CanadianShe_Wolf said:


> yuk JV! what on earth are ya tryng to do to me...heading out to store..back in coule of hours oR more!


Getting broccoli for the broccoli cake? Heh, heh.


----------



## Naughty Knitter (Apr 1, 2011)

I found this: http://www.geniuskitchen.com/recipe/christmas-wreath-appetizer-444111

I think using the greens sounds better. I think I use your idea and substitute what I think will make it work. It is fun to make up a recipe when you have such an easy guideline.


----------



## Loistec (Jan 25, 2011)

I found holiday spread recipes for blue cheese, cream cheese, and walnuts that sounded delish!
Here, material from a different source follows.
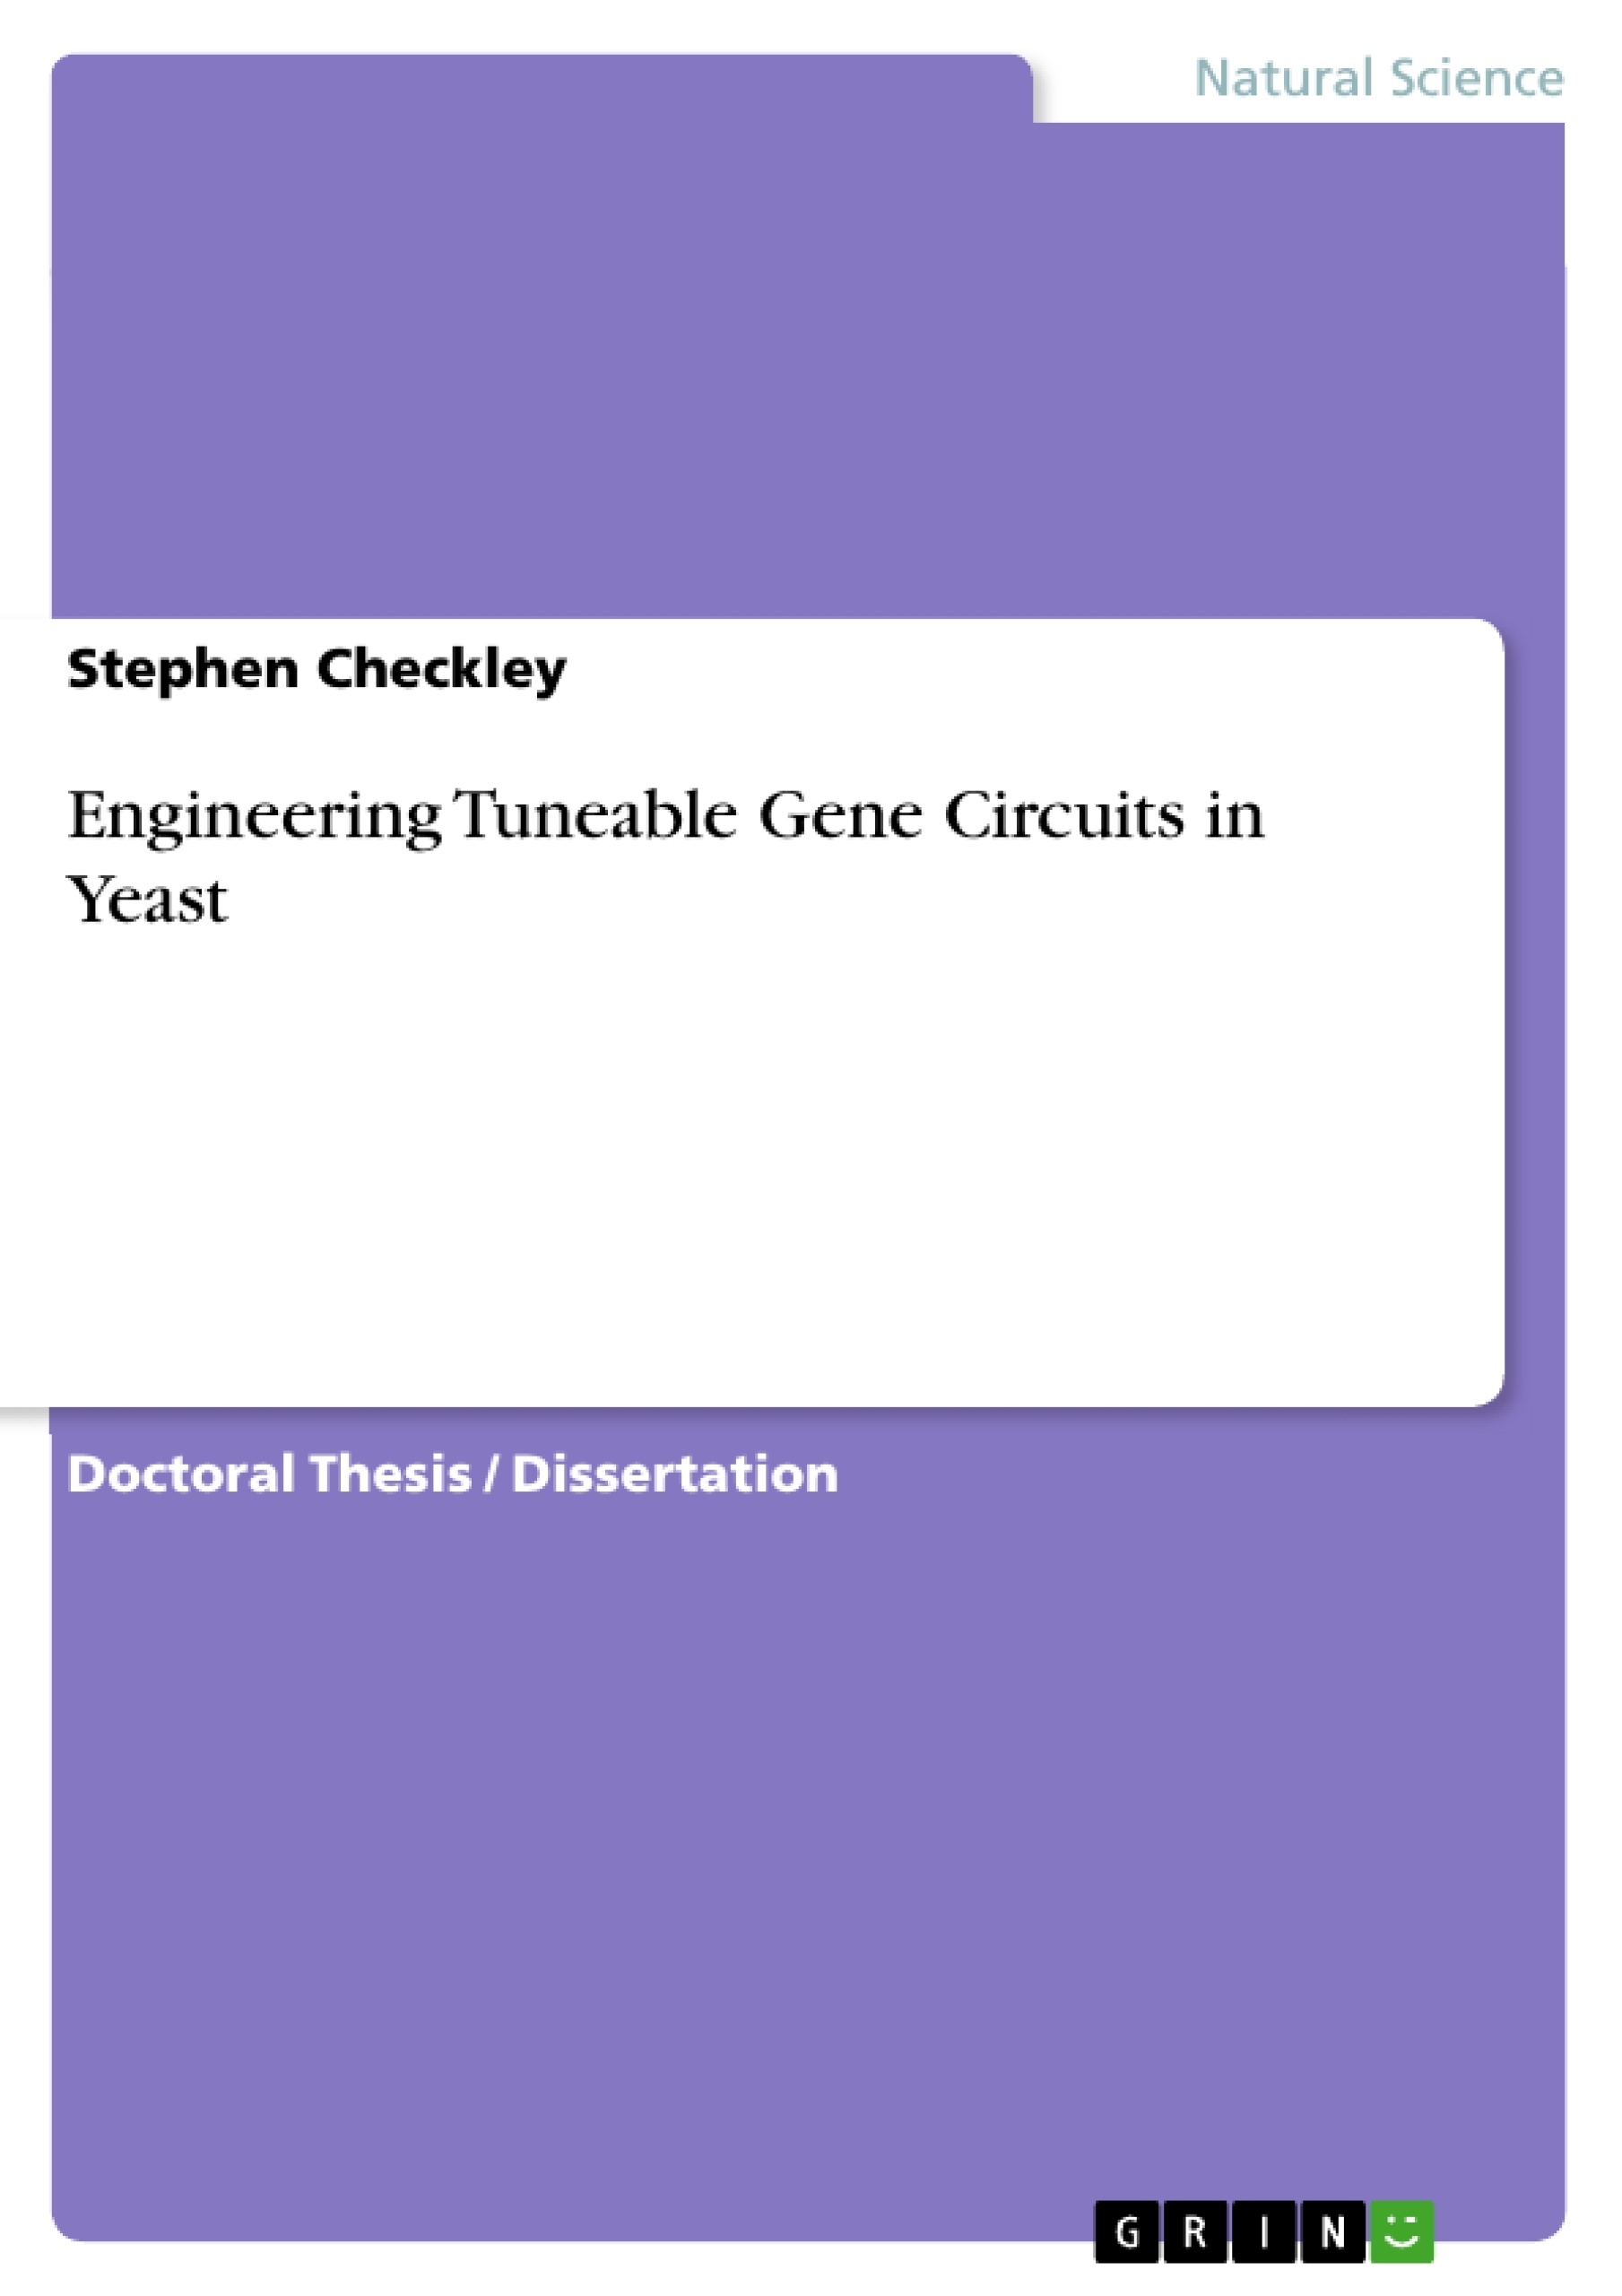 Title: Engineering Tuneable Gene Circuits in Yeast

http://allrecipes.com/recipe/145197/blue-cheese-herb-spread/


----------



## Judy M (Feb 17, 2011)

cheese was probably mixed with sour cream or Ranch dressing.


----------



## onegrannygoose (May 13, 2011)

I don't know why you need the recipe it seems you have it down perfectly. what am I missing?


----------



## CanadianShe_Wolf (Nov 24, 2013)

onegrannygoose said:


> I don't know why you need the recipe it seems you have it down perfectly. what am I missing?


Beats me what yer missing BUT I hate to waste ingredients when I am not confident the recipe ingreds are correct..lolol


----------